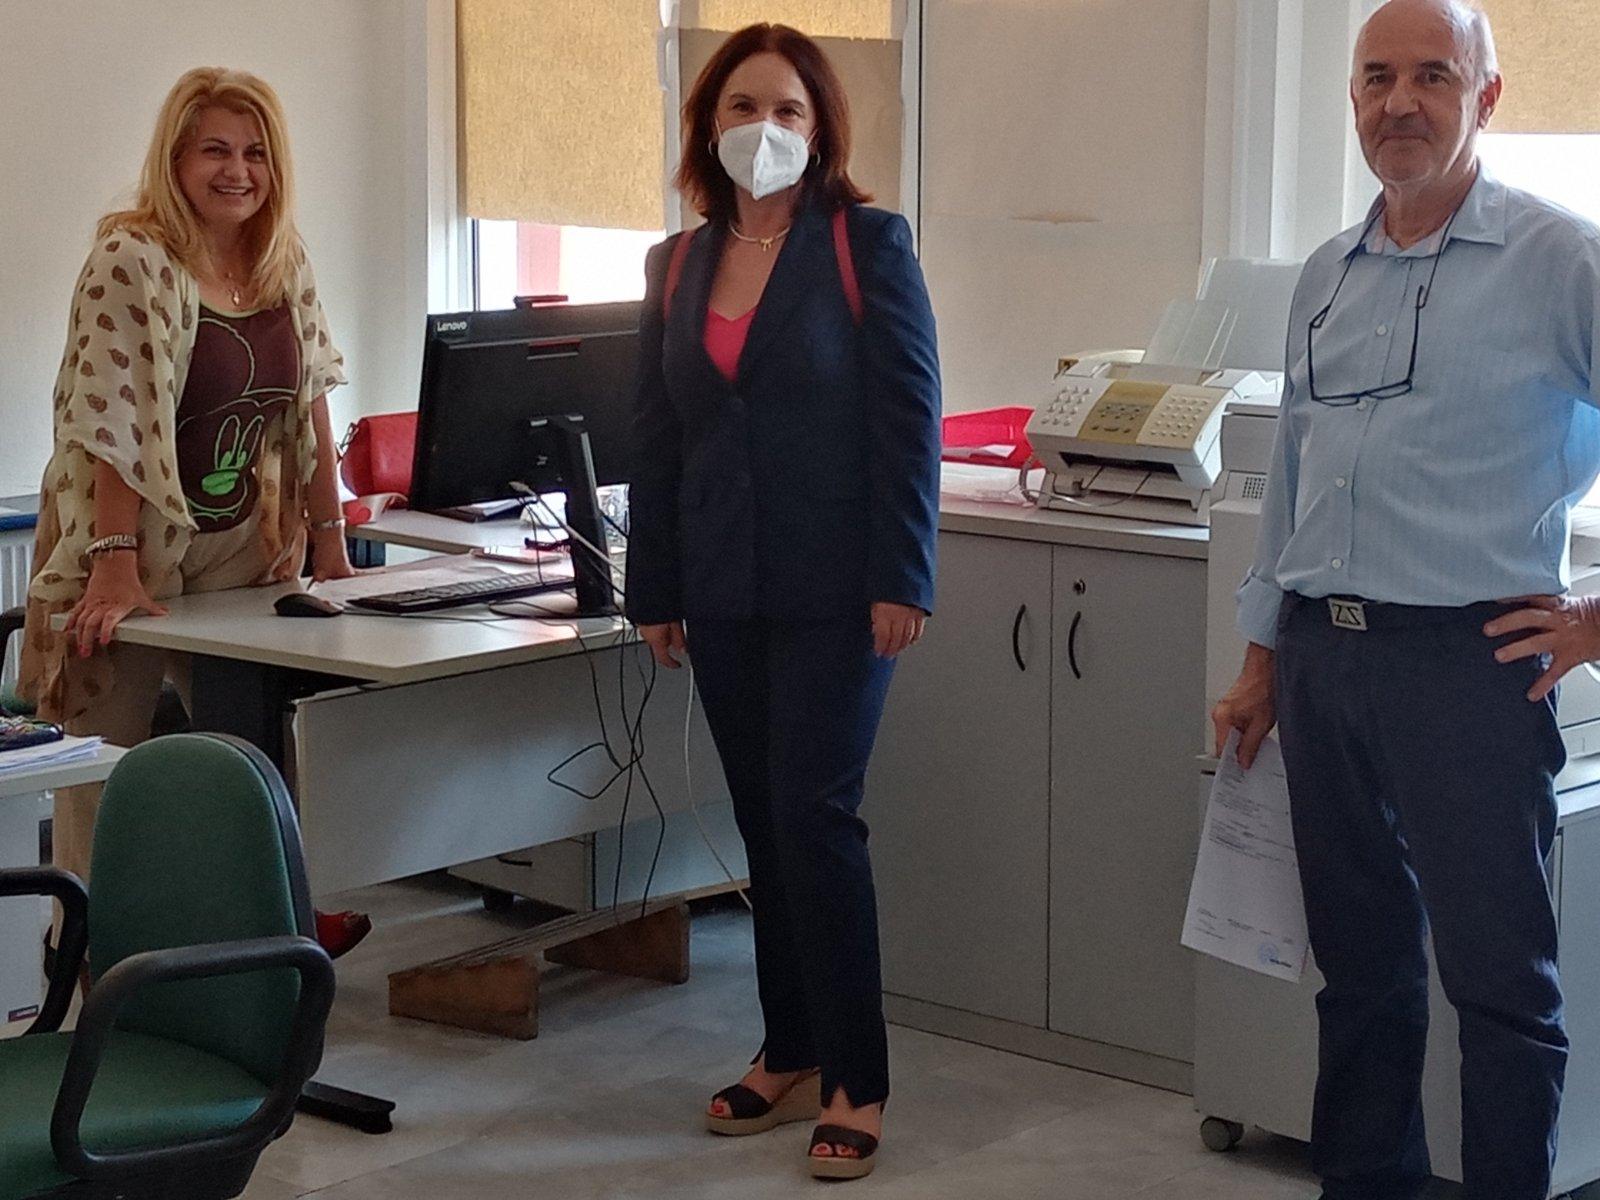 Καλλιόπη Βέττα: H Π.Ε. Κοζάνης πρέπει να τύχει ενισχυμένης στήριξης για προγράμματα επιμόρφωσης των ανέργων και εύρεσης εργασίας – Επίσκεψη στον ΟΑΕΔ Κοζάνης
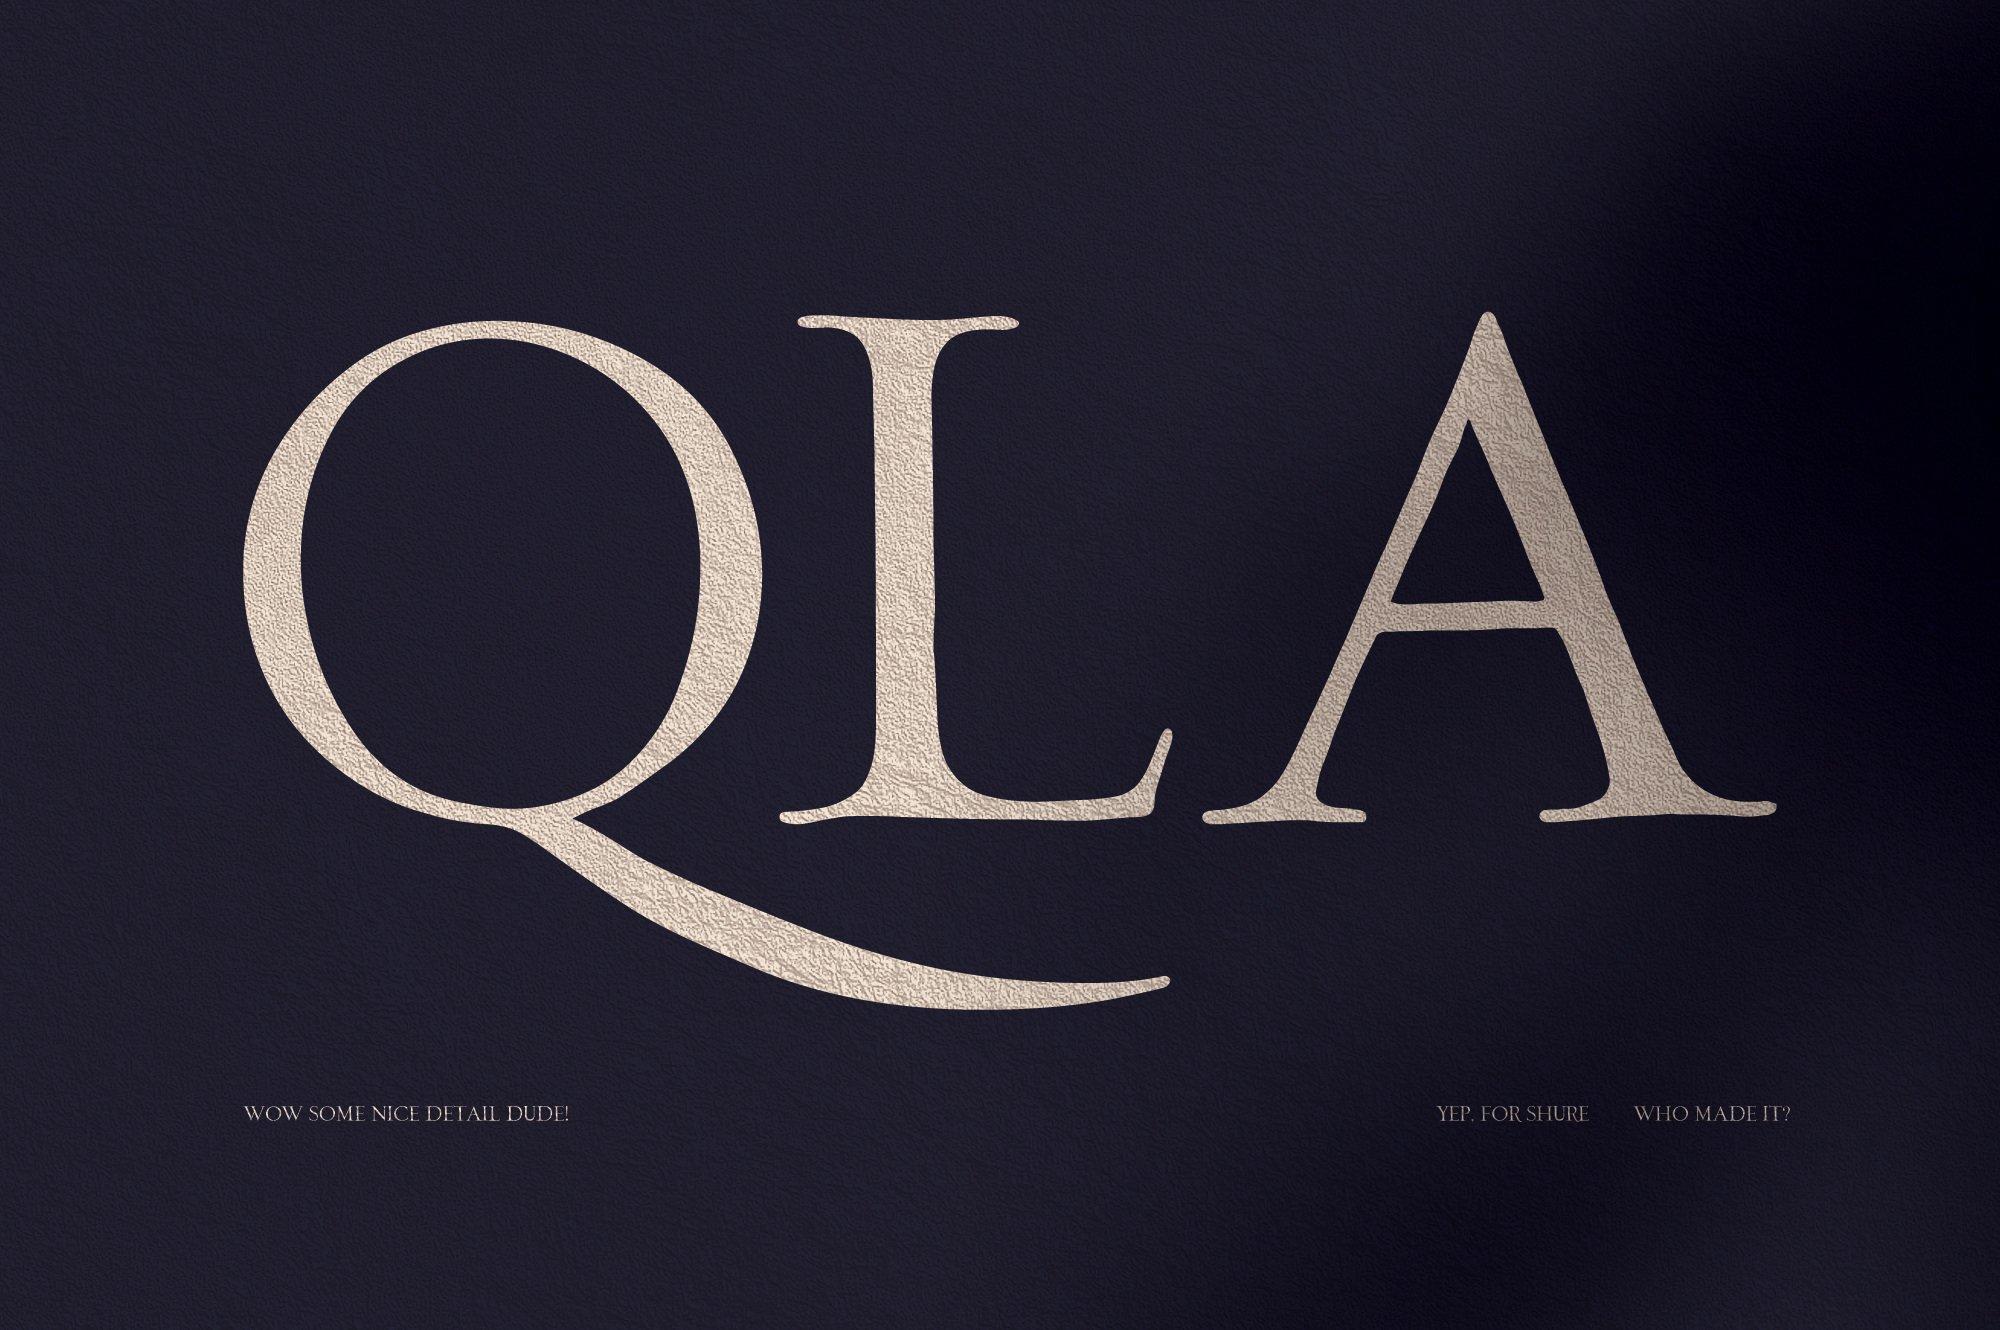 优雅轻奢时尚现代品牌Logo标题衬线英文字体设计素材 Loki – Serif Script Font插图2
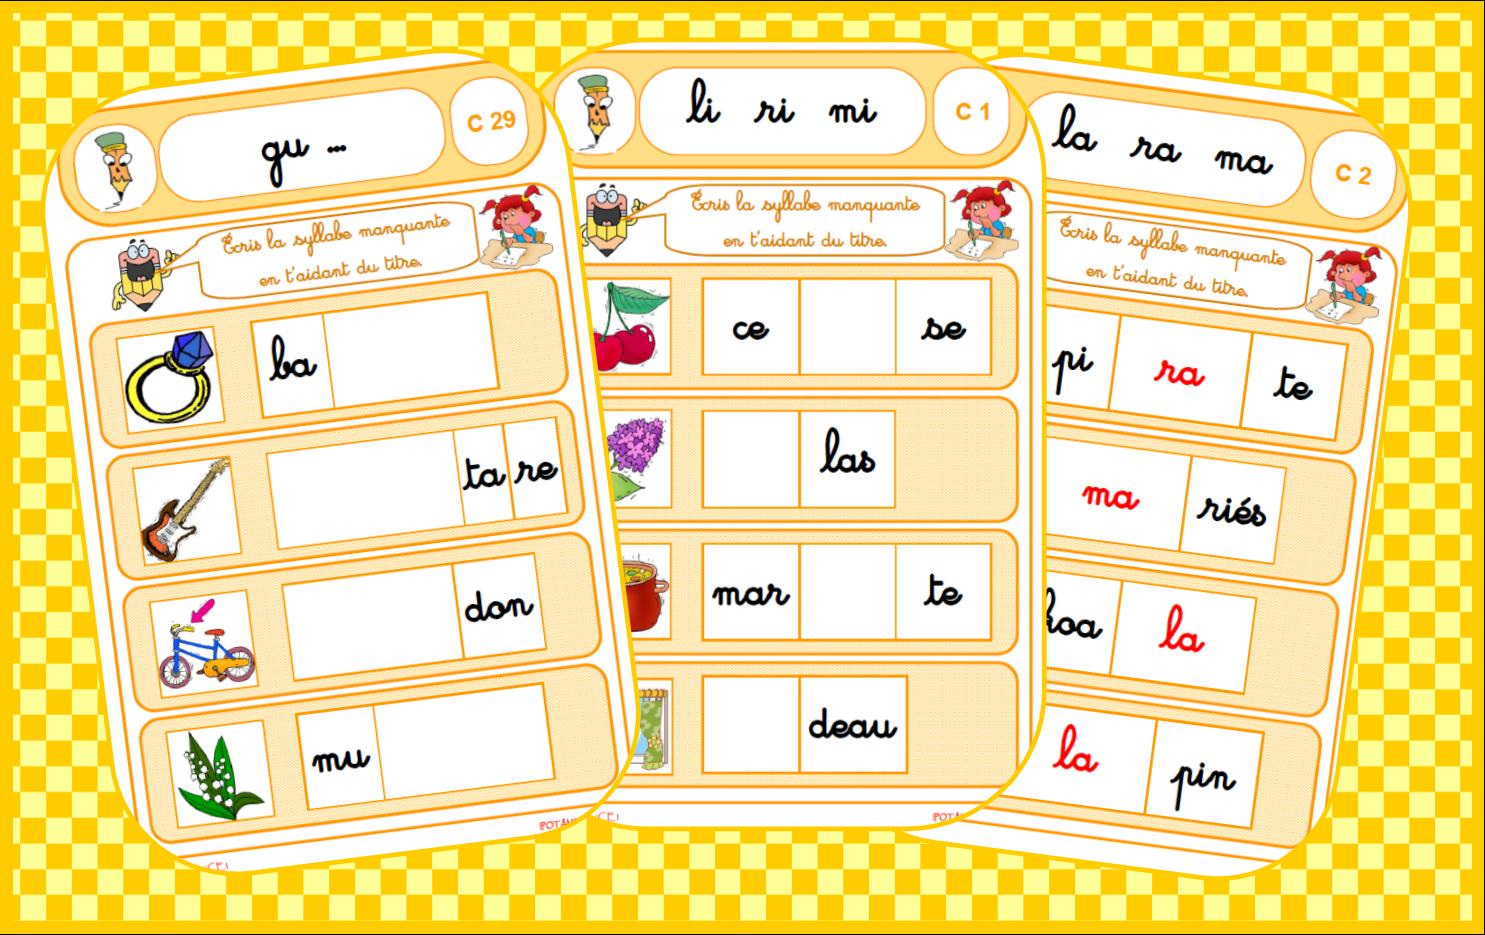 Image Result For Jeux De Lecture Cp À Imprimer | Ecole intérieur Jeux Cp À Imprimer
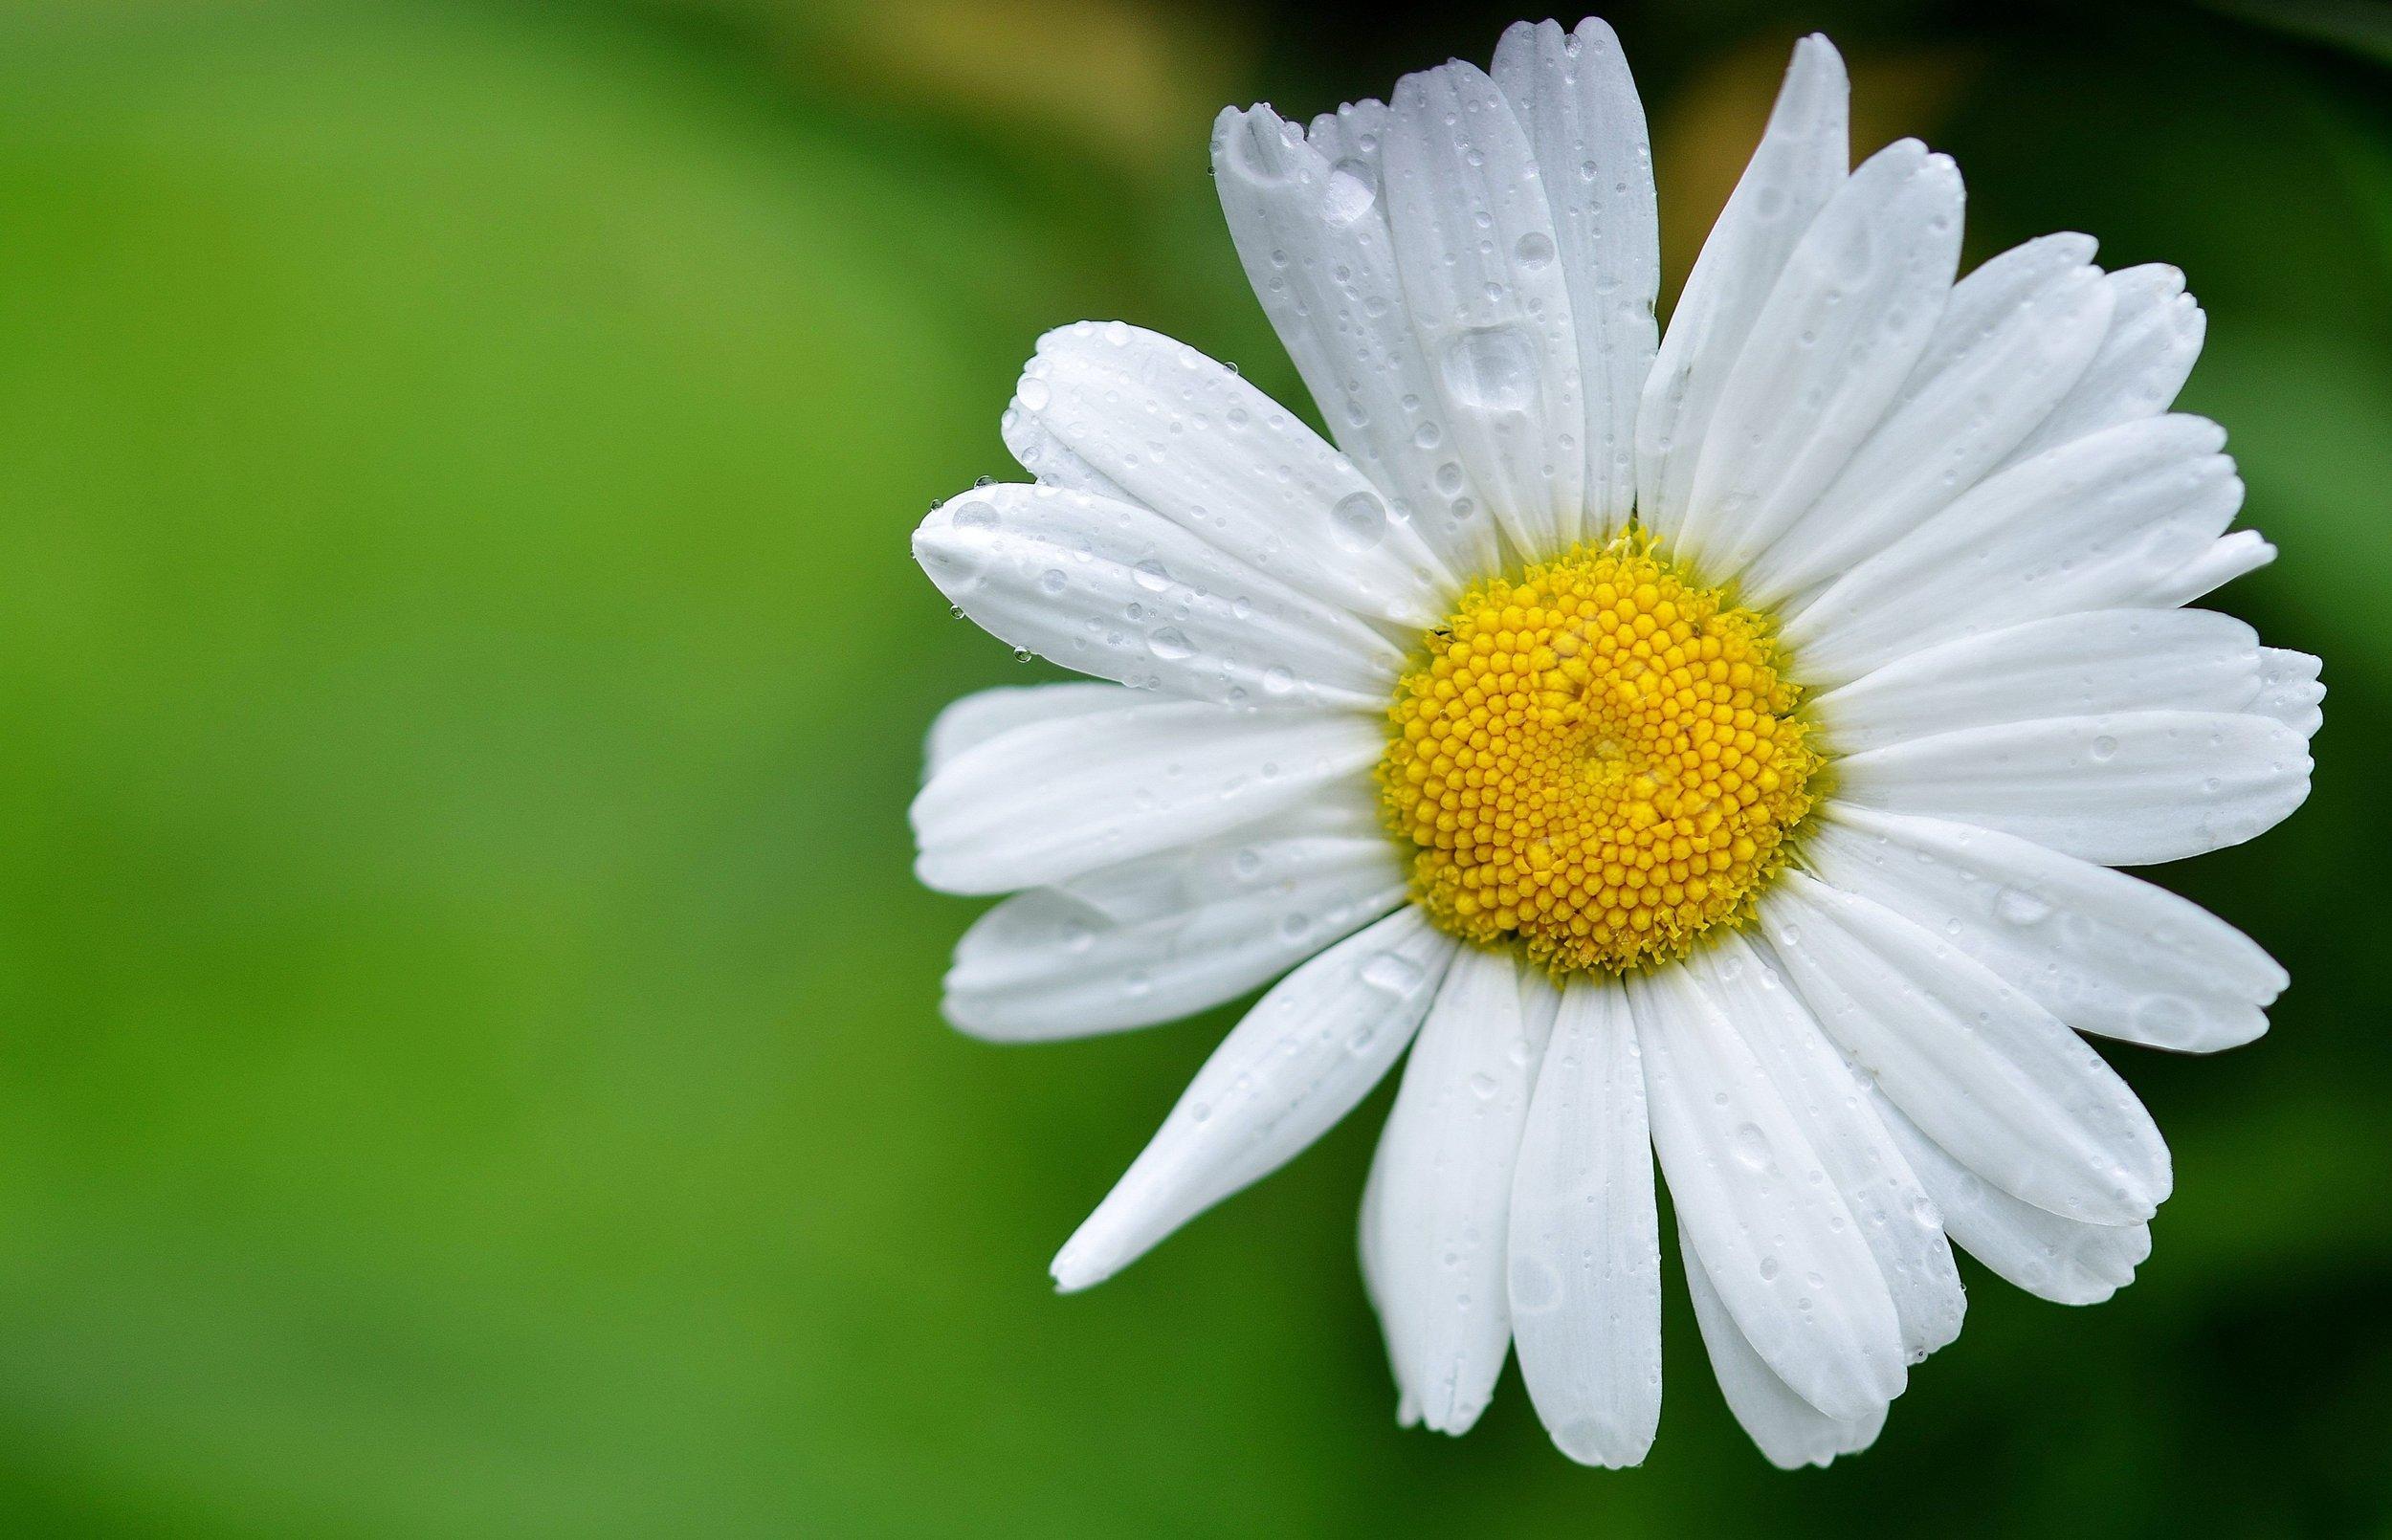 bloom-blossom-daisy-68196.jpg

----------------

Requirement >> Find the line holding "优雅轻奢时尚现代品牌Logo标题衬线英文字体设计素材 Loki –" in the data above. Retype it and every later line exactly, through the end, but not the pictures.

Answer area >>
 优雅轻奢时尚现代品牌Logo标题衬线英文字体设计素材 Loki – Serif Script Font插图2
 Image Result For Jeux De Lecture Cp À Imprimer | Ecole intérieur Jeux Cp À Imprimer
 bloom-blossom-daisy-68196.jpg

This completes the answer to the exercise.